SSW: It spawned from an educational short film.  One of them I wrote, called “Library Report,” starred a stop-motion robot that I also animated.  The film was so successful, my writing partner, Brent Maddock, and I decided to write a spec script featuring a robot.  We had written several other scripts with no success. We couldn’t even get an agent.  But this one turned out to be the one that got us the break.  A fellow Brent met in a screenwriting workshop knew the son of producer David Foster, and knew that Foster was looking for scripts with robots.  He showed it to the son, the son showed it to Foster, and the next thing we knew we were being called to a meeting on the old MGM studio lot (now Sony).

KH: A couple years after Short Circuit 2 arrived; was this commissioned purely on the success of the first or did you simply have more to say?

SSW: We always have more to say!  But in truth it was green-lit because Short Circuit 1 was quite successful (No. 1 at box office for a time).   By the way, this was long before the remakes and sequels craze in which Hollywood is now mired.  You may be surprised to know that our agent lobbied against our writing the sequel.  Back then such work was regarded as best handed off to hacks.  But we didn’t want anyone else coming up with stuff for Johnny Five.

KH: *batteries not included is a wonderful movie, it brought to mind my bedtime stories like the elves and the shoemaker. Can you tell us of the making of the film and the Spielberg connection?

SSW: Spielberg was making the TV show Amazing Stories at his studio, Amblin Entertainment, at the time.  *batteries  was based on a script written by Mick Garris for that show.  Spielberg liked it so much he felt it should be a feature instead of a TV episode.  Director Matthew Robbins and Brad Bird then wrote a movie-length version, but became so busy in pre-production they didn’t have time to keep re-working it to fit the budget.  Brent and I were already working at Amblin on other things, so Steven Spielberg asked us to do the revisions, working closely with Matthew and Brad.   It was a very intensive process, as the movie was already in pre-production, with sets being built, robots designed, etc.  Spielberg was personally involved every step of the way, often in the script meetings when we turned in each new version.

KH: Are you, or have been one of those writers that have been ever present on set?

SSW: Hah, it’s a rare writer who ever gets that opportunity.   In general, writers aren’t welcome on the set.  The director wants to do his/her own thing with the material and doesn’t want to be bothered with your petty ideas and complaints.  We were frustrated by this reality, and our agent counselled us that if we wanted more creative control, we’d have to become producers/writers. 

KH: You have written a couple of films with a similar keynote being Heart and Souls and Ghost Dad, spectral comedies?

SSW: That’s just by chance.  Spielberg originally came to us to re-write Ghost Dad (which was originally called Ghost Boy).  Then, for a variety of political reasons, the movie was not made at Amblin.  Since the script was owned by Universal, it got re-written and re-considered by other people over the years, eventually being made by Sidney Poitier and Bill Cosby.  We had forgotten all about it.  Indeed, we did not even realize it had been put into production until we read about it in Variety (that’s how much power writers have in Hollywood).  There was very little left of our original script. 

Heart and Souls was a movie based on a short film, called “Seven Souls.”  By the time it was made, we were known for the fantasy/sci-fi slant to our writing, so Universal approached us about turning the short film into a feature.  We worked with the film’s creators, adding ideas to flesh out the story — and successfully lobbying them to let us reduce the original’s seven ghosts to four!

KH: Before we come to the Tremors films, can we touch on another monster: the Wild Wild West?

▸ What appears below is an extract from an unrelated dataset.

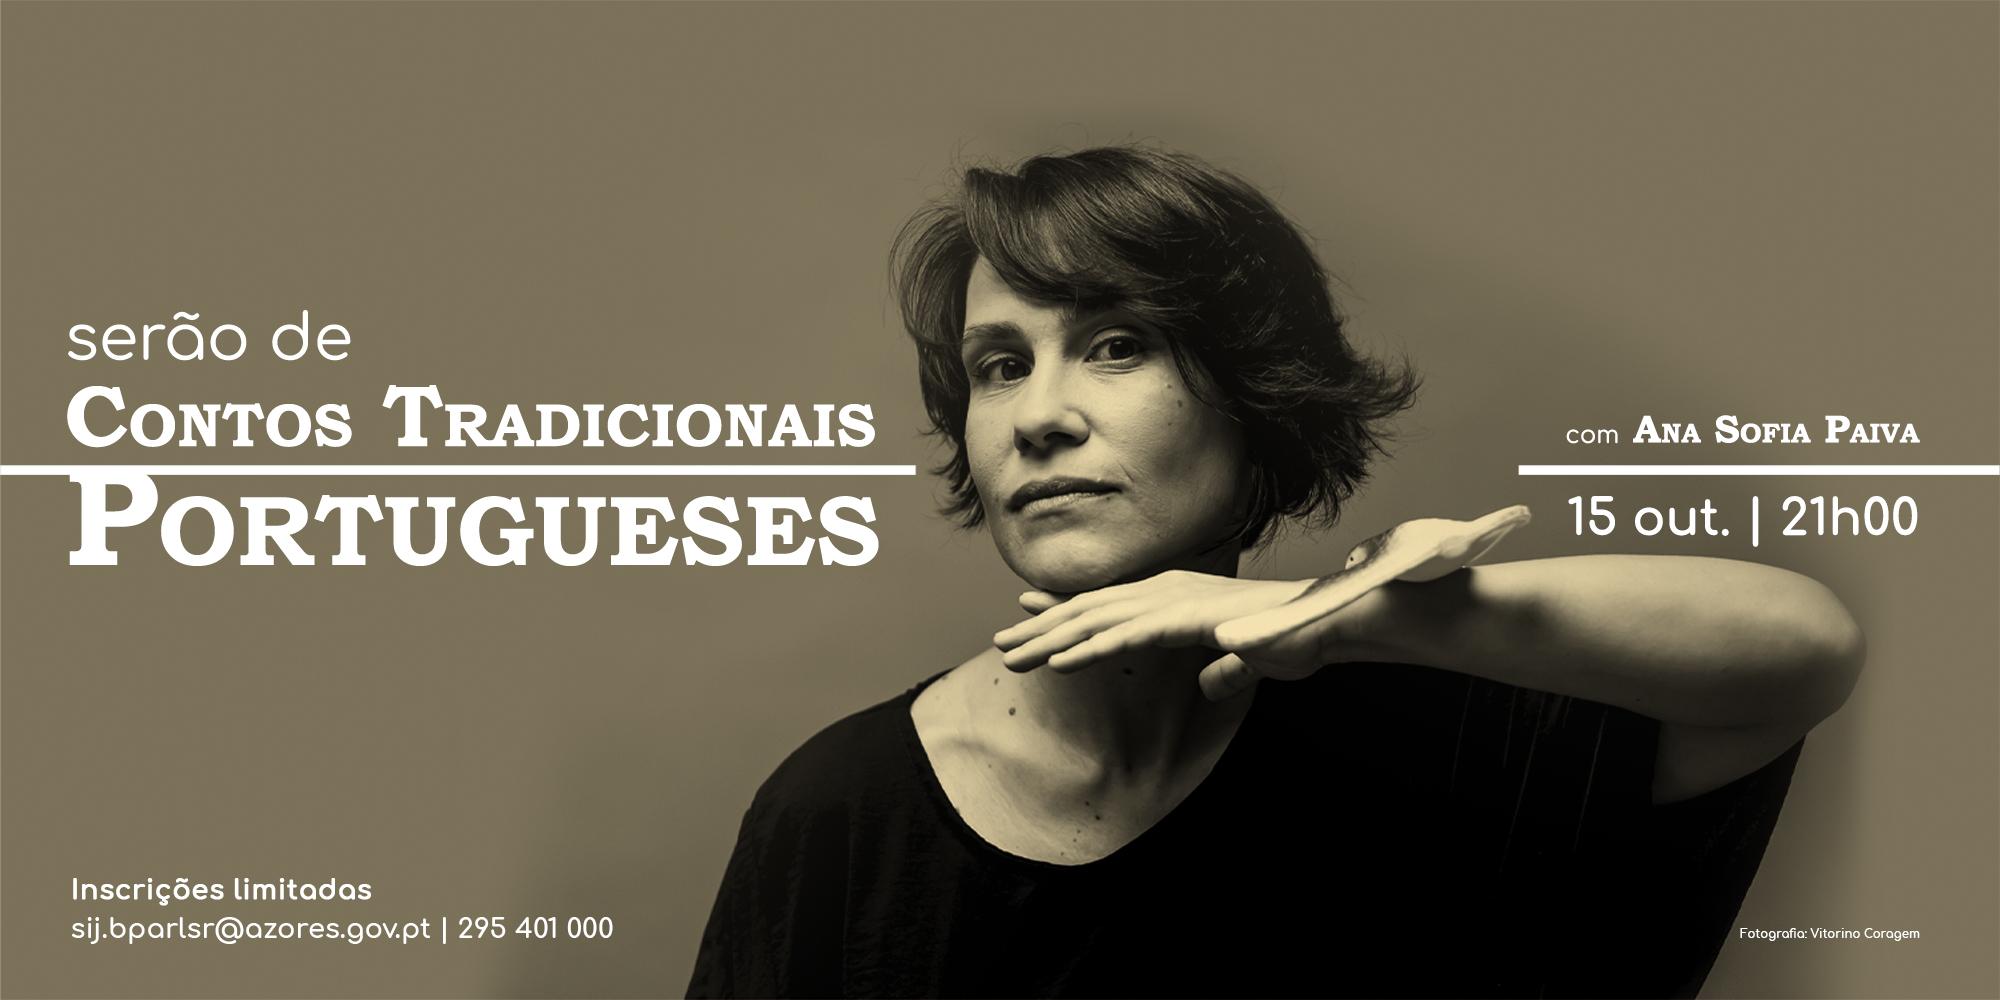 Serão de Contos Tradicionais Portugueses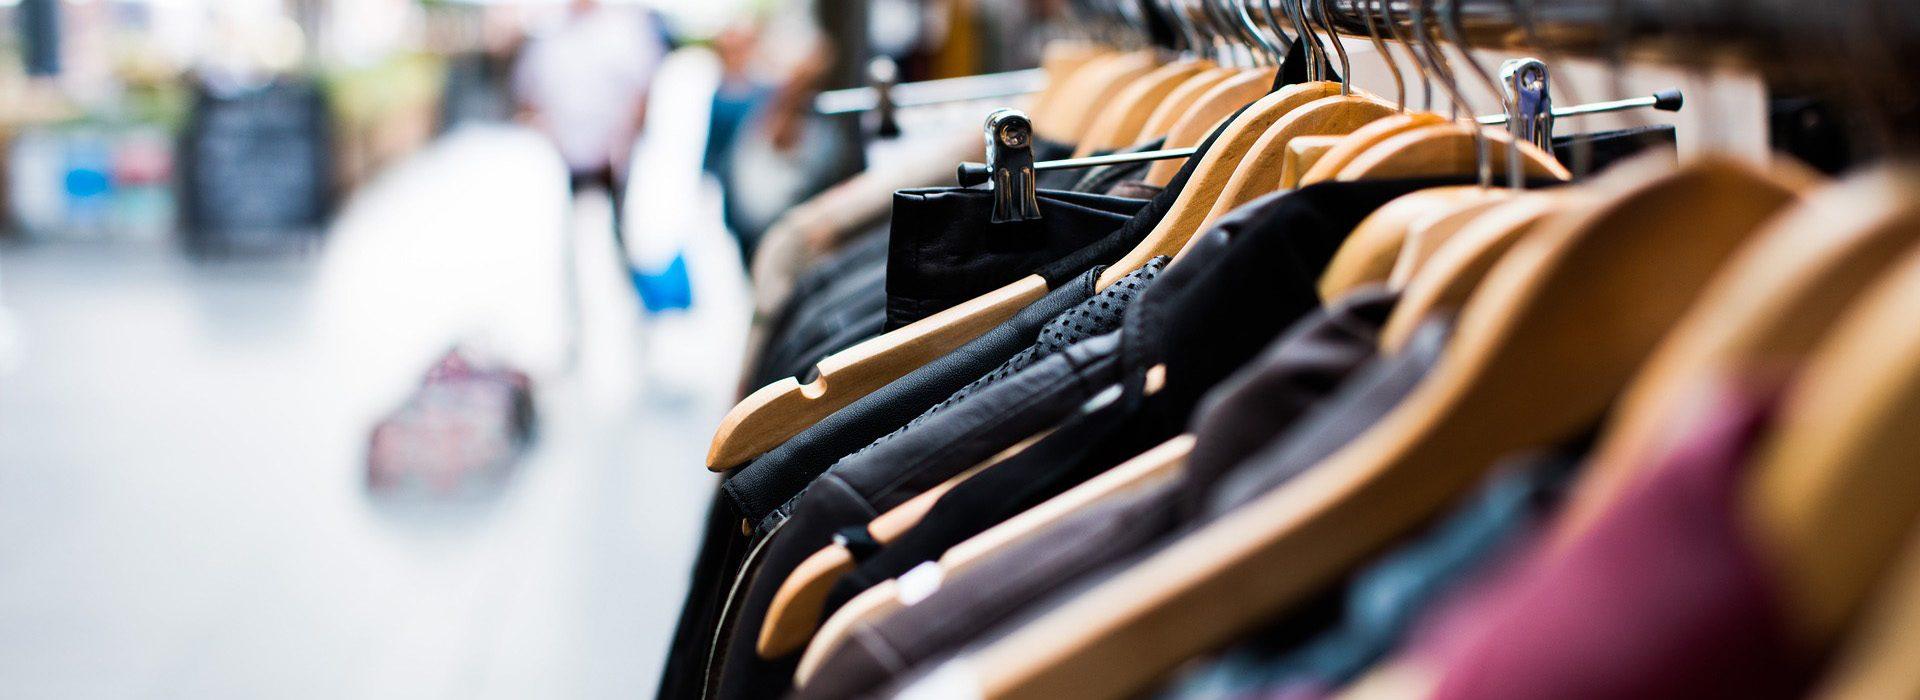 d8a8aa0e5ba Üks raskemaid asju kohvri pakkimisel on otsustada, millised riided kaasa  võtta ning millised koju jätta. Kui sa mõtled riideid pakkides  kõikvõimalike ...

Big budget, Big losses, Jon Peters and the Razzies?

SSW: Oh my, long story.   Two producers acquired the rights to the much-loved TV show and contacted us about writing the feature.  They’d already had some scripts done, but didn’t like them, and wanted us to start from scratch.  We loved the show, re-watched episodes, contacted fan groups, etc.  Then came up with our story and turned in our script.  At first it didn’t go anywhere and, as one must with many Hollywood projects, we forgot about it.  Then, maybe a year or so later, we got a call that Barry Sonnenfeld was going do it.  So we were plunged back into the action, working on a revision under his supervision.  Somewhere along the line, since it was now a BIG movie, it was handed over to BIG producer Jon Peters.  The story we like to tell there is that, in our first meeting, he did not realize it was a Western, and wasn’t pleased to hear it.  Anyway, we worked very hard on it, occasionally being given some very strange demands.  As an example, at one point the Peters group insisted we change the spider machine to a modern stealth bomber.  We tried to compromise, shading it toward a Victorian era steam-punk flying machine.  In the end, Barry didn’t like the flying machine, and late in the process he asked to see earlier drafts with the spider machine, which we happily gave him.

Then, quite suddenly, we were off the movie.  We turned in our latest revision and never heard from anyone on the production again until we were sent tickets for seats in the back of the theatre at the premiere.  It was rewritten many times by many writers after we were fired and, like Ghost Dad, very little of our original script remains, other than the spider machine itself.  We were surprised that the Writers Guild ended up granting us shared screen credit.

So, yes, you get Razzies for something over which you had no control whatsoever.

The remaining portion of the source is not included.